John Greim John Greim Photography/Newscom
More than 500 retired state and public school employees in Pennsylvania are collecting six-figure annual pensions, including one of the men jailed for his role in covering up the Jerry Sandusky child sex abuse scandal at Penn State University.
Gary Schultz, a former vice president at Penn State, was sentenced to two months in jail earlier this year after pleading guilty in March to a charge of child endangerment. Even so, he'll be collecting a $330,000 annual pension for the rest of his life. He is one of 20 former state employees getting more than $250,000 annually from a state pension system facing a $70 billion shortfall, according to an analysis of state pension data published this week by Maddie Hanna of The Philadelphia Inquirer.

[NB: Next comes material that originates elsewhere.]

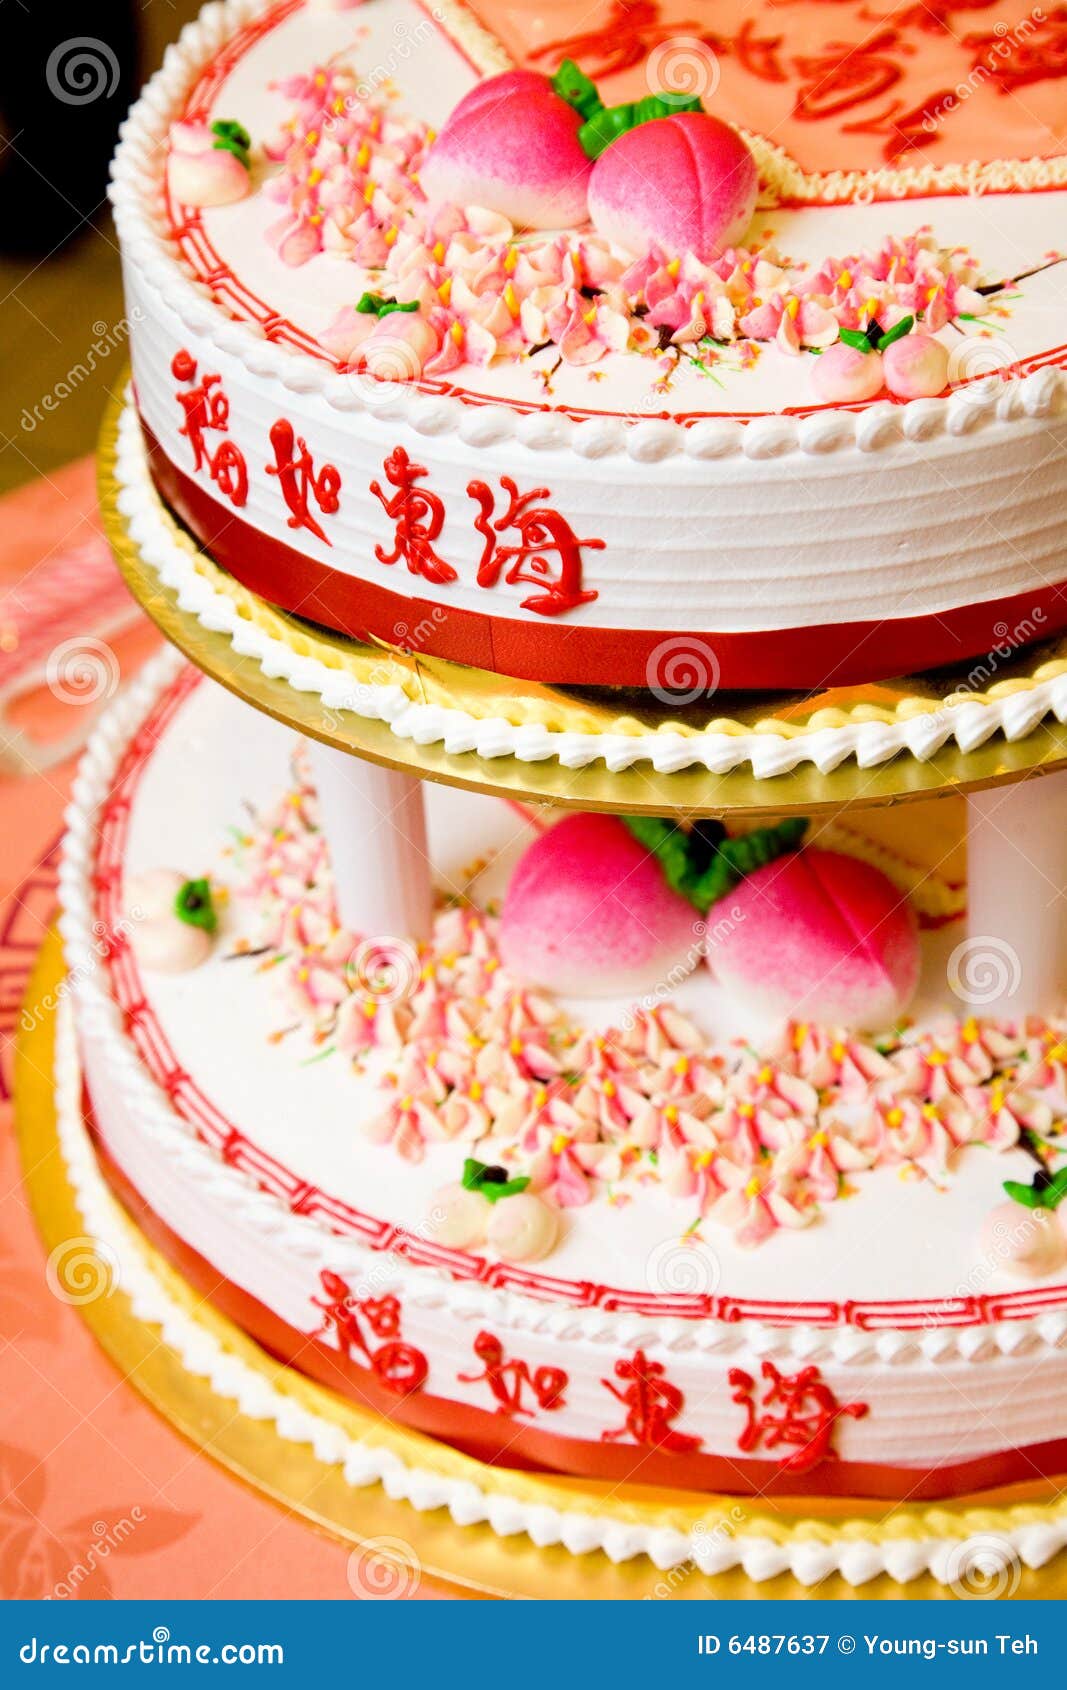 traditional chinese birthday cake 6487637
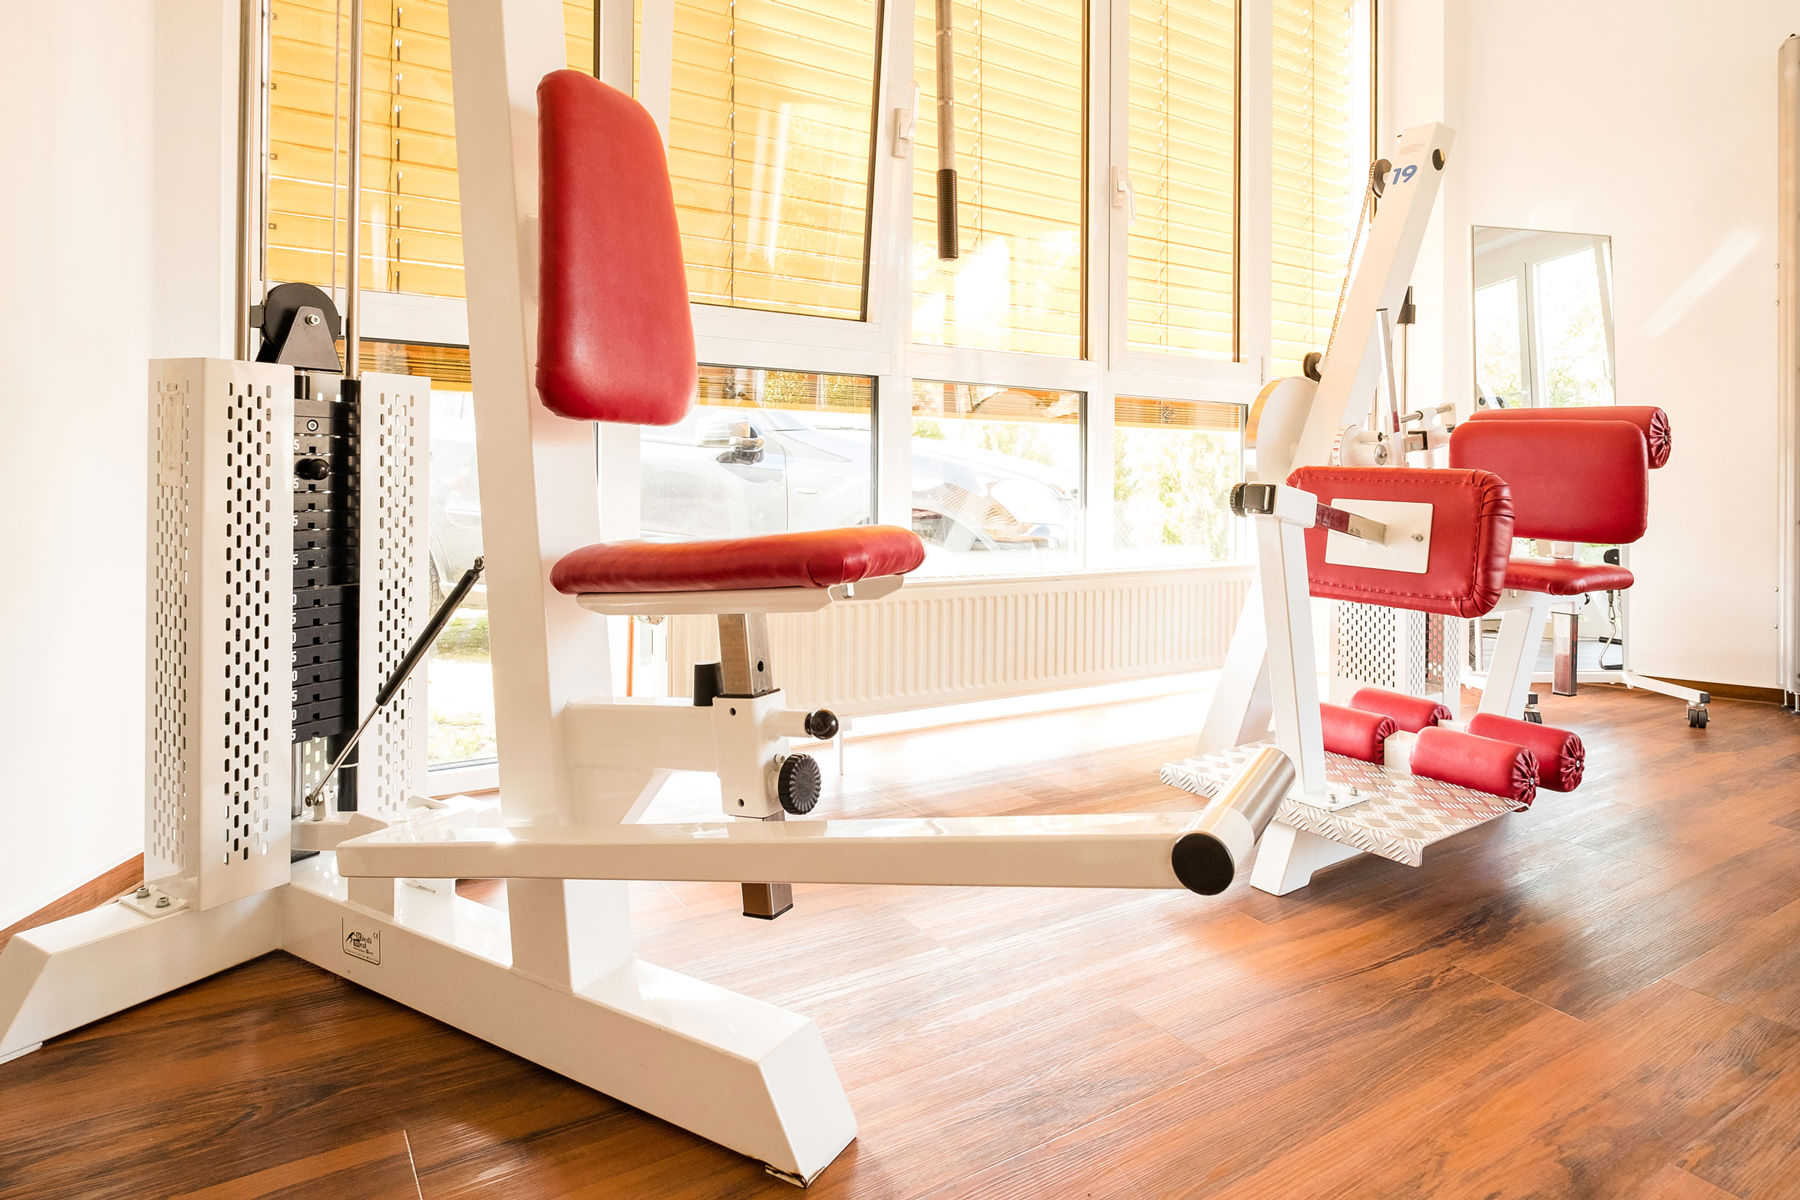 Fitnessbereich der Physiotherapie-Praxis Ortkraß in Steinhagen, vielseitige Ausstattung mit Geräten

Philly.com published the list of the 500 pensioners pulling down more than $100,000 annually, 124 of them former Penn State employees. Rodney Erickson, the school's former president, gets $477,000 a year, biggest pension in the state. Another 143 of the six-figure pension recipients worked at other public universities in the state.
Those big pension payouts are outliers, of course. The average retiree gets about $27,000 annually, according to the Inquirer review. Still, they are rightly being scrutinized as the state (like many others) tries to address a budget-busting pension crisis.
Pennsylvania's Republican-controlled state house and Democratic Gov. Tom Wolf came together earlier this year to pass a series of reforms that included some caps on big pensions and changes to how future employees will have their retirement benefits funded. Those modest reforms will help reduce long-term liabilities, but because they only affect new hires, it will take decades for the current debts to disappear.
Annual payments into that system will cost Pennsylvania taxpayers more than $4 billion this year. Those contributions will continue to grow annually through the early 2020s—accounting for as much as 10 percent of the state's whole budget by 2019, according to the Wall Street Journal—before leveling off and eventually declining over the course of several decades as current enrollees stop collecting benefits when they die.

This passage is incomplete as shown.